WHAT THIS TASK INVOLVES:
Below this line is a listing that includes pictures. Copy exactly, and only, the lines from the one containing "Asquith & Fox" through the one containing "Barbell Range Hat"; the pictures do not go in the copy.

** RECORD EXCERPTS follows **

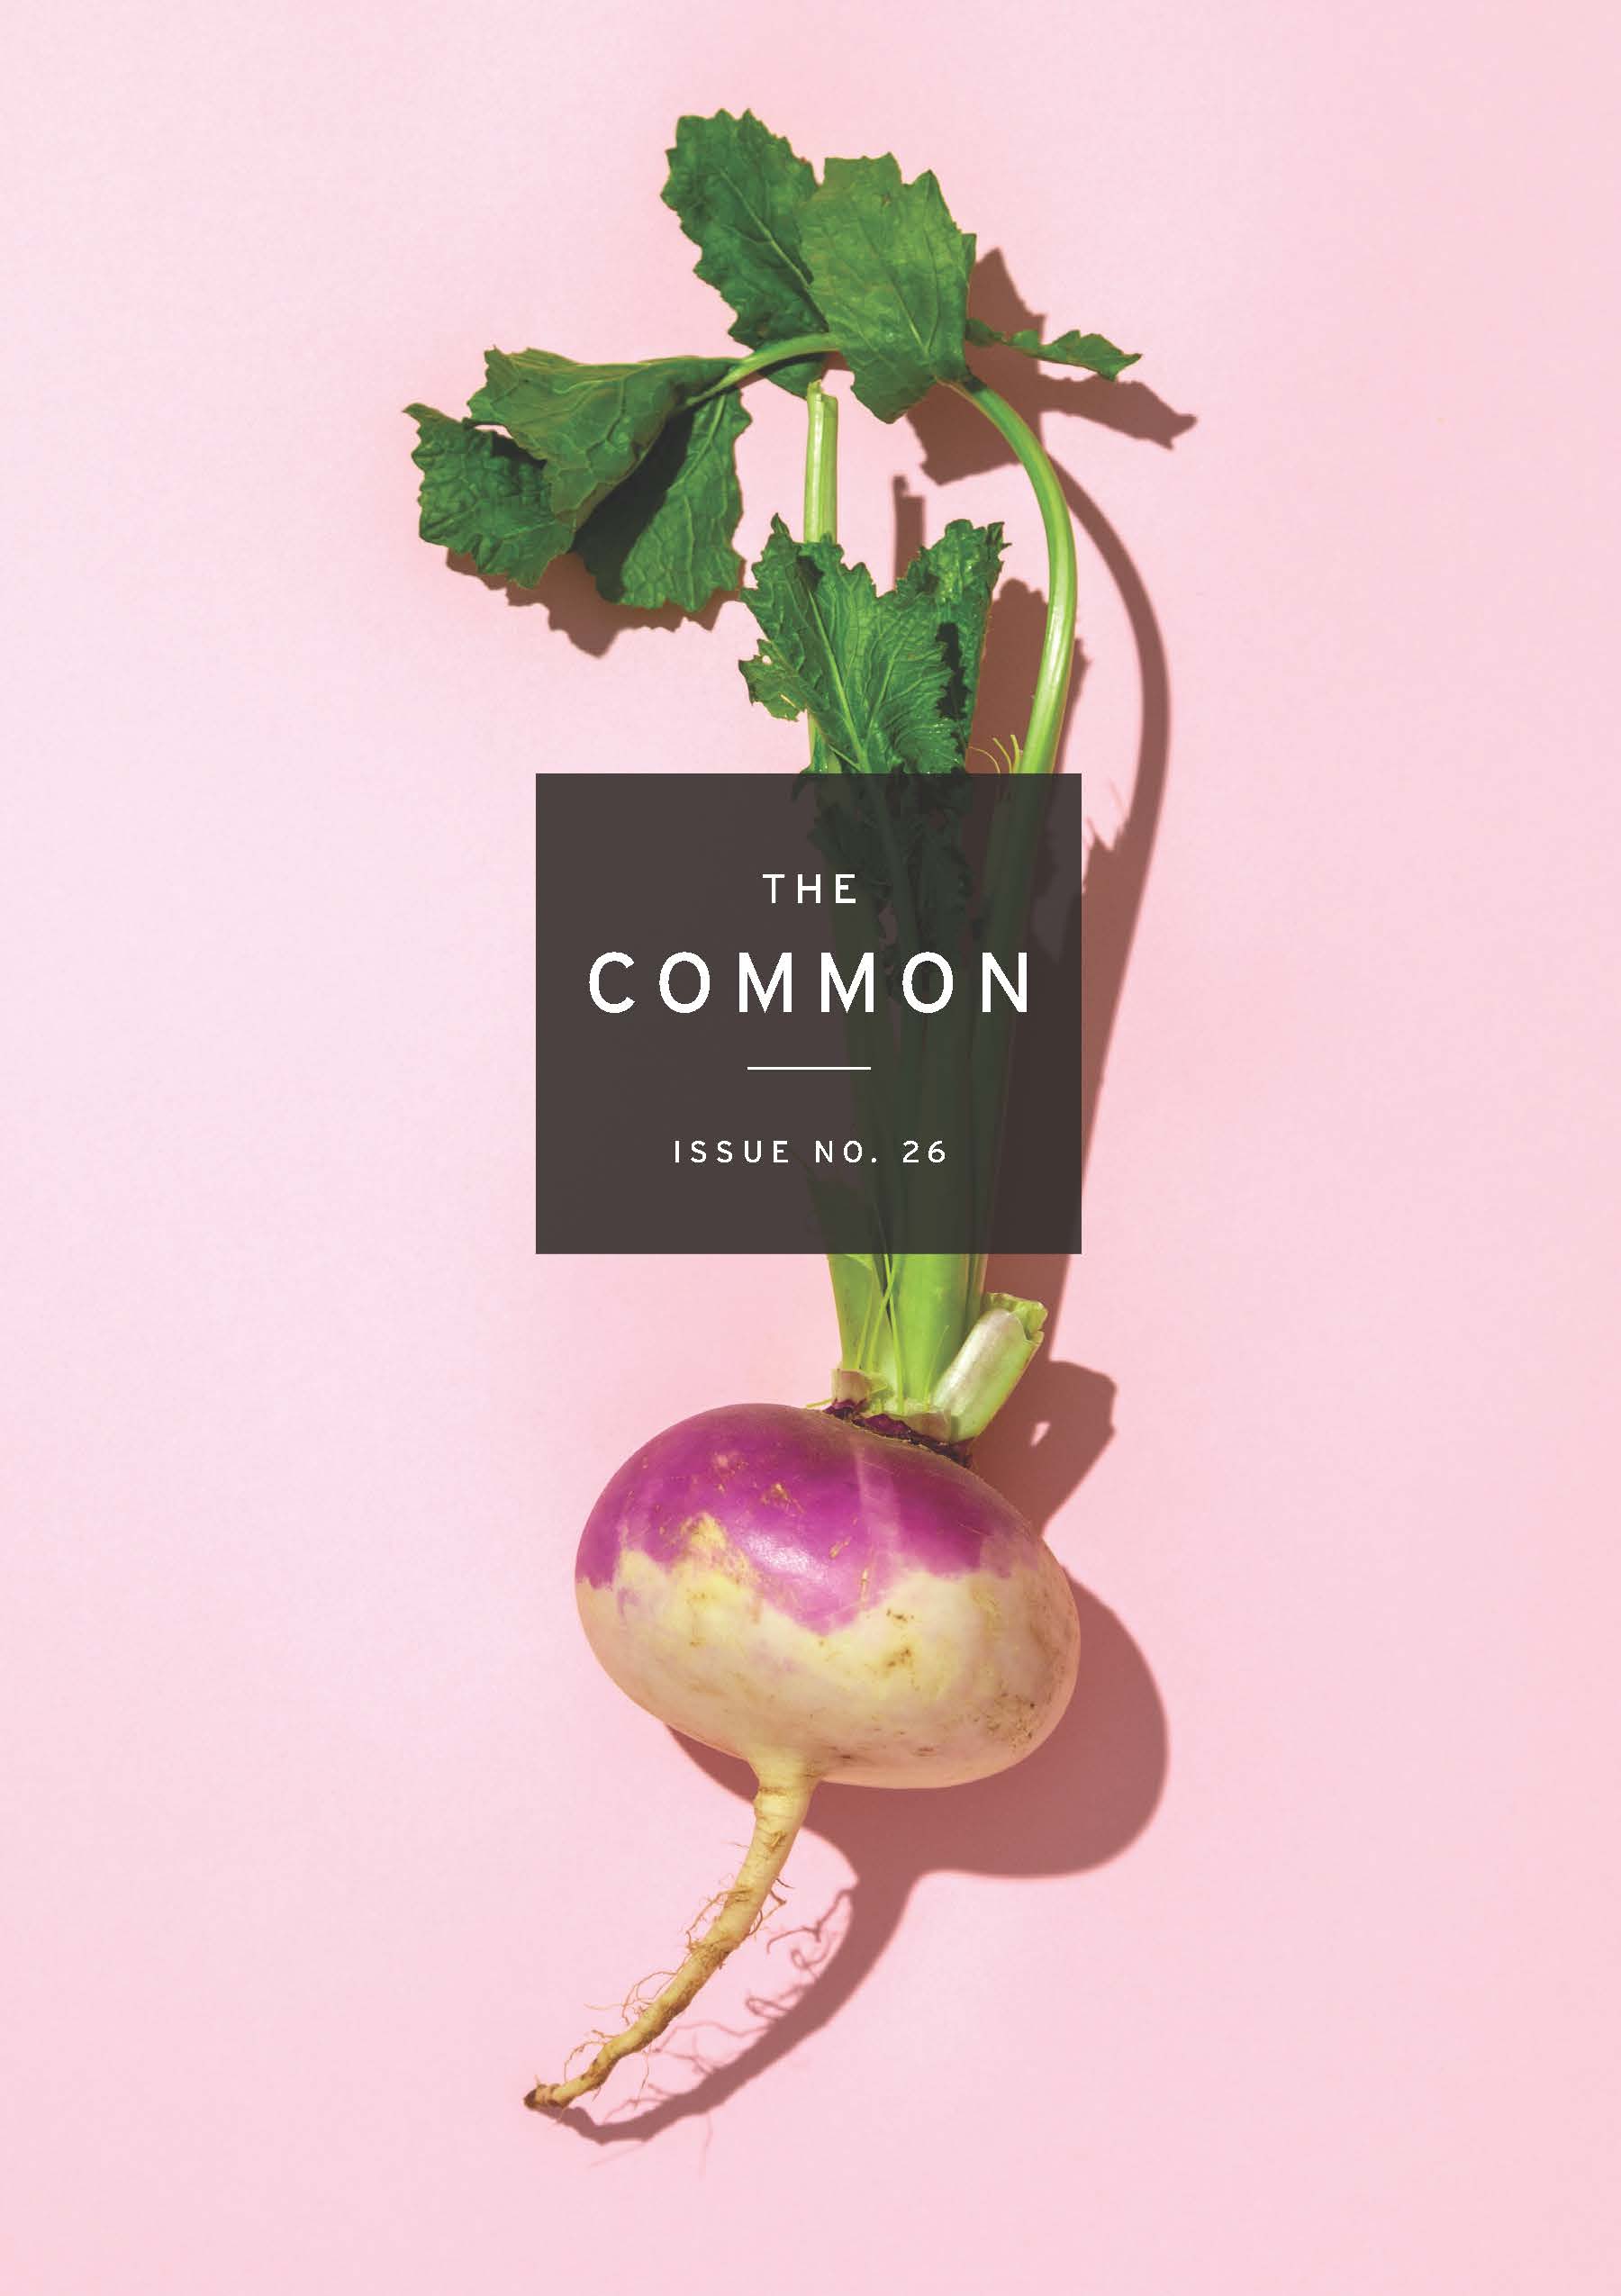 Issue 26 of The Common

** End of RECORD EXCERPTS **
** RECORD EXCERPTS follows **

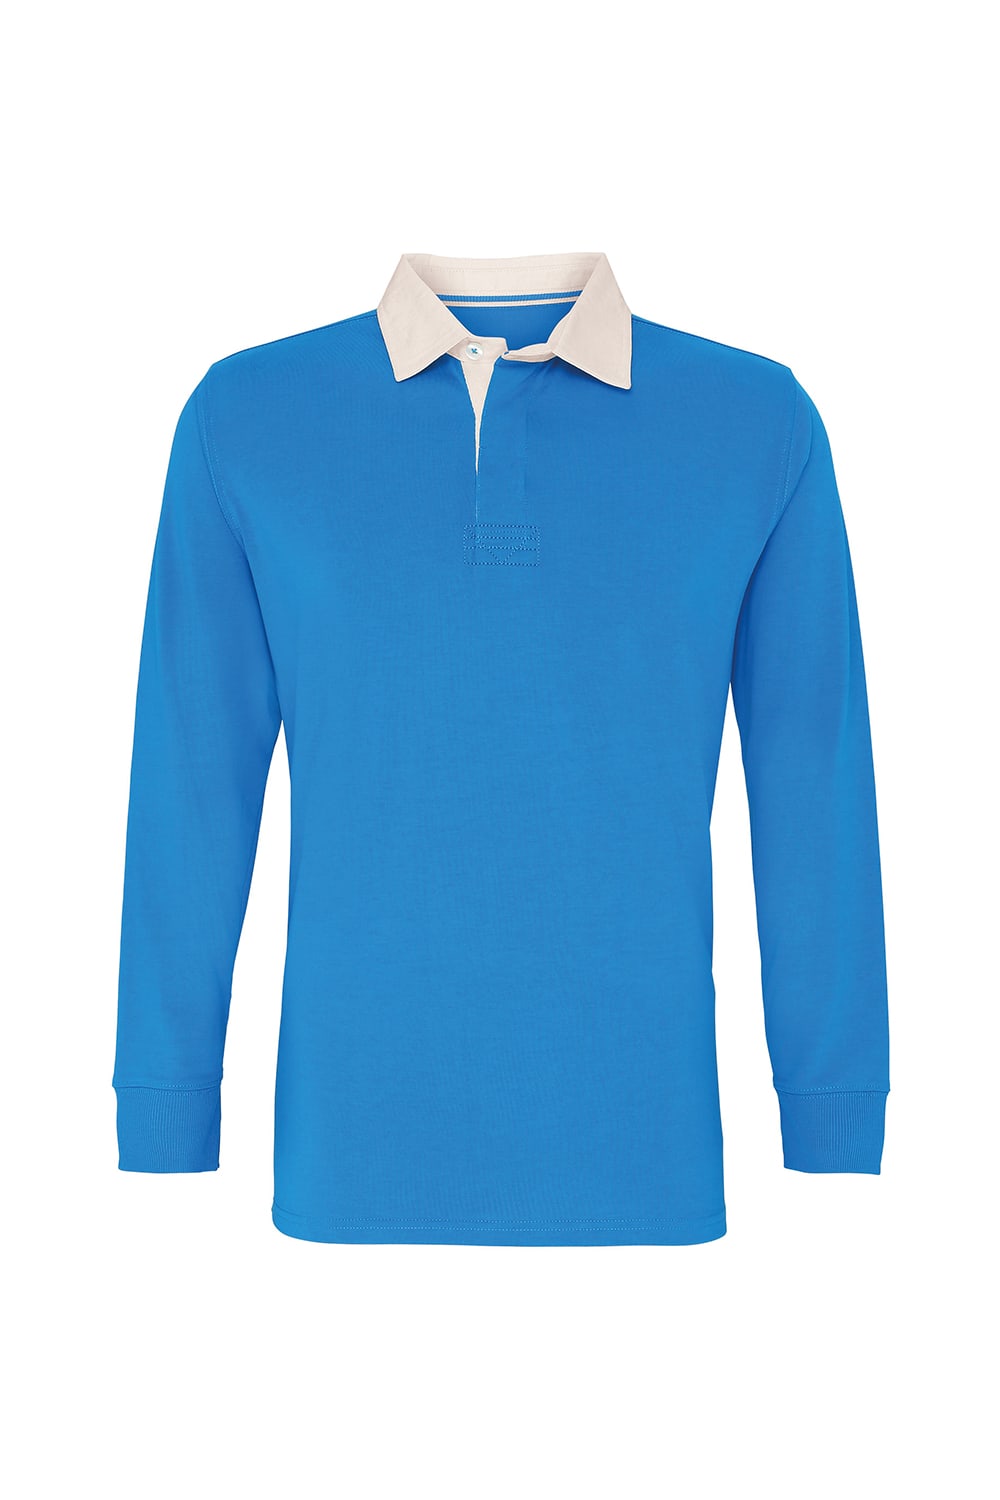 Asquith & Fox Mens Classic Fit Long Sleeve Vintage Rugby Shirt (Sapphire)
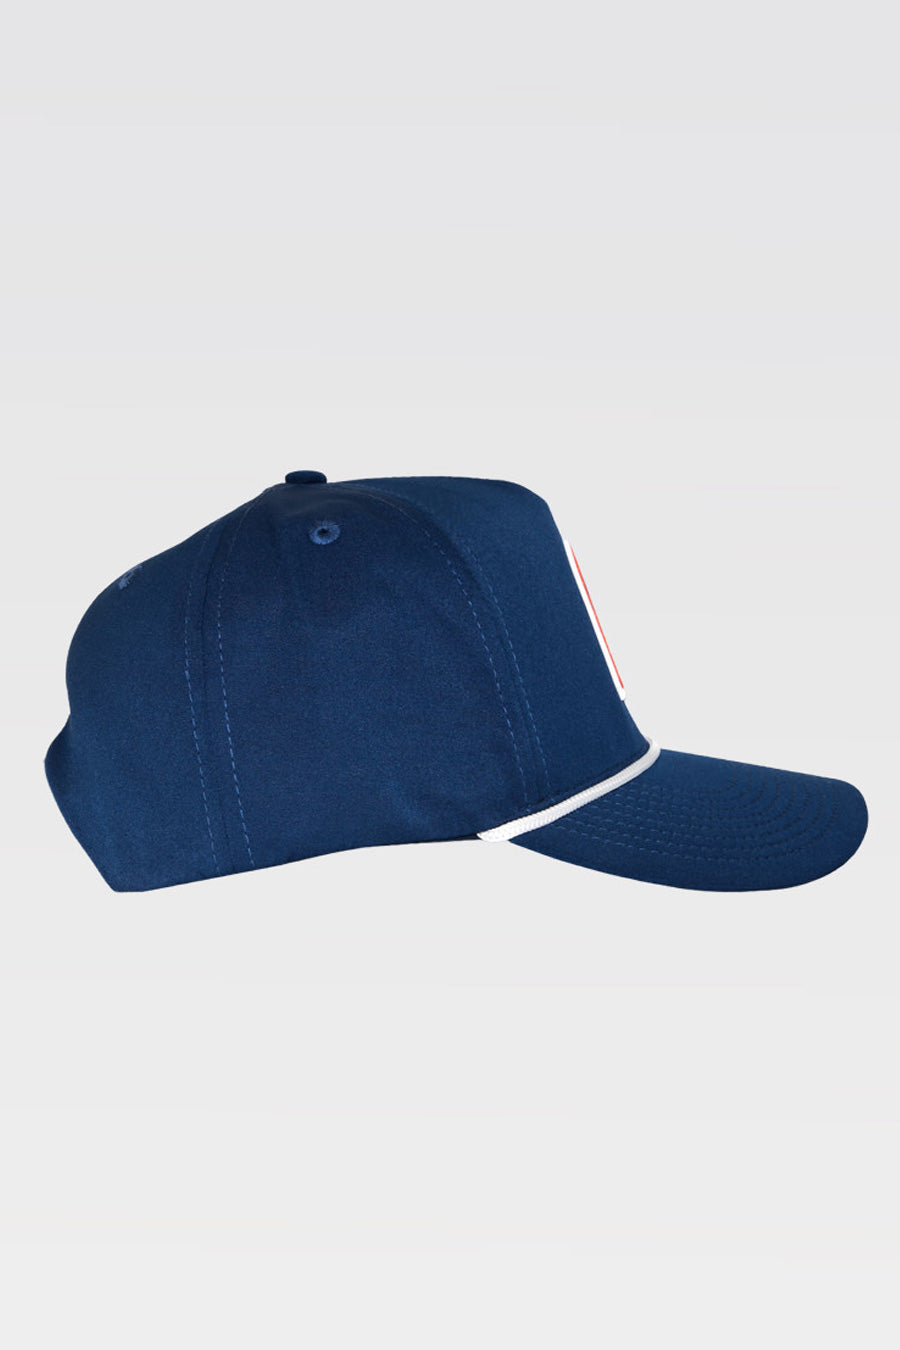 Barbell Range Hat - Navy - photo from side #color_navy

** End of RECORD EXCERPTS **
** RECORD EXCERPTS follows **

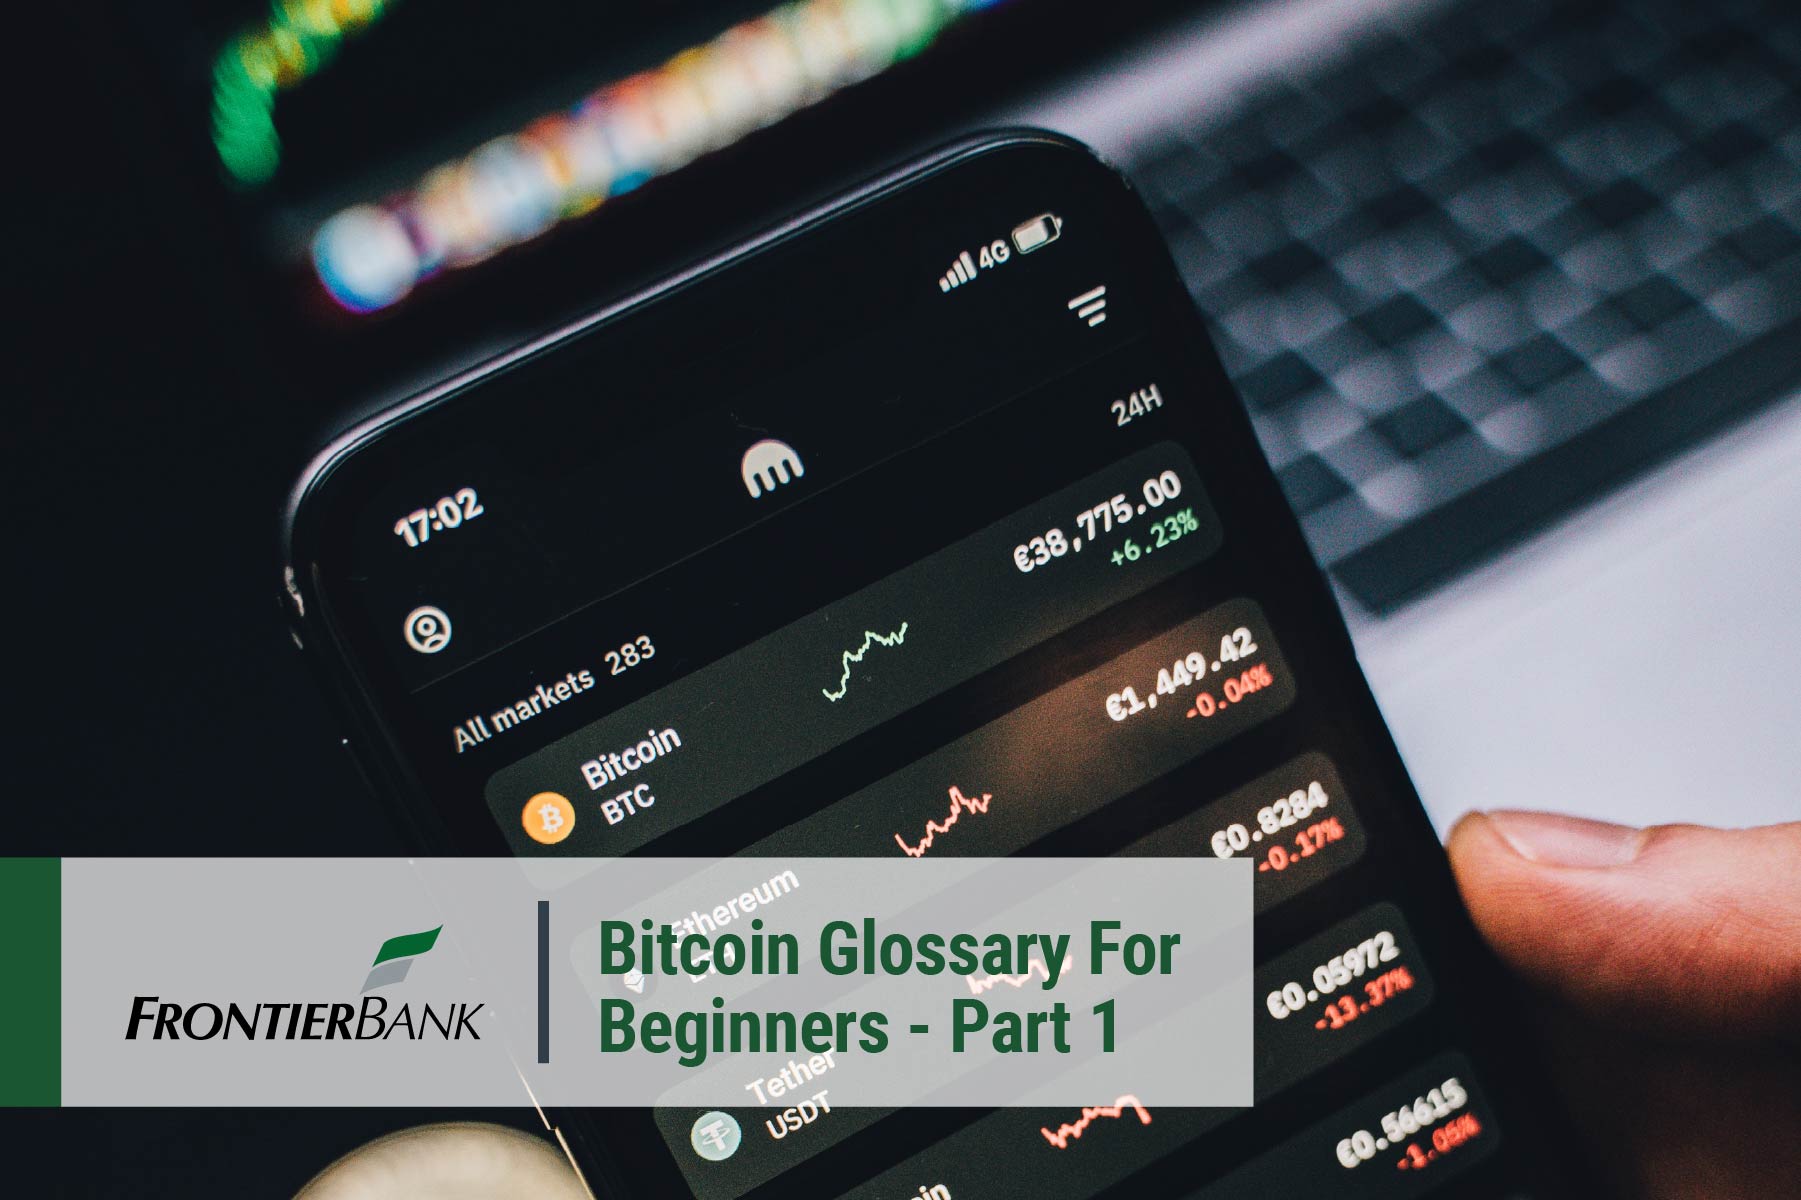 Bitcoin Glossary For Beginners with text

** End of RECORD EXCERPTS **

SOLVED PROBLEM:
 Asquith & Fox Mens Classic Fit Long Sleeve Vintage Rugby Shirt (Sapphire)
 Barbell Range Hat - Navy - photo from side #color_navy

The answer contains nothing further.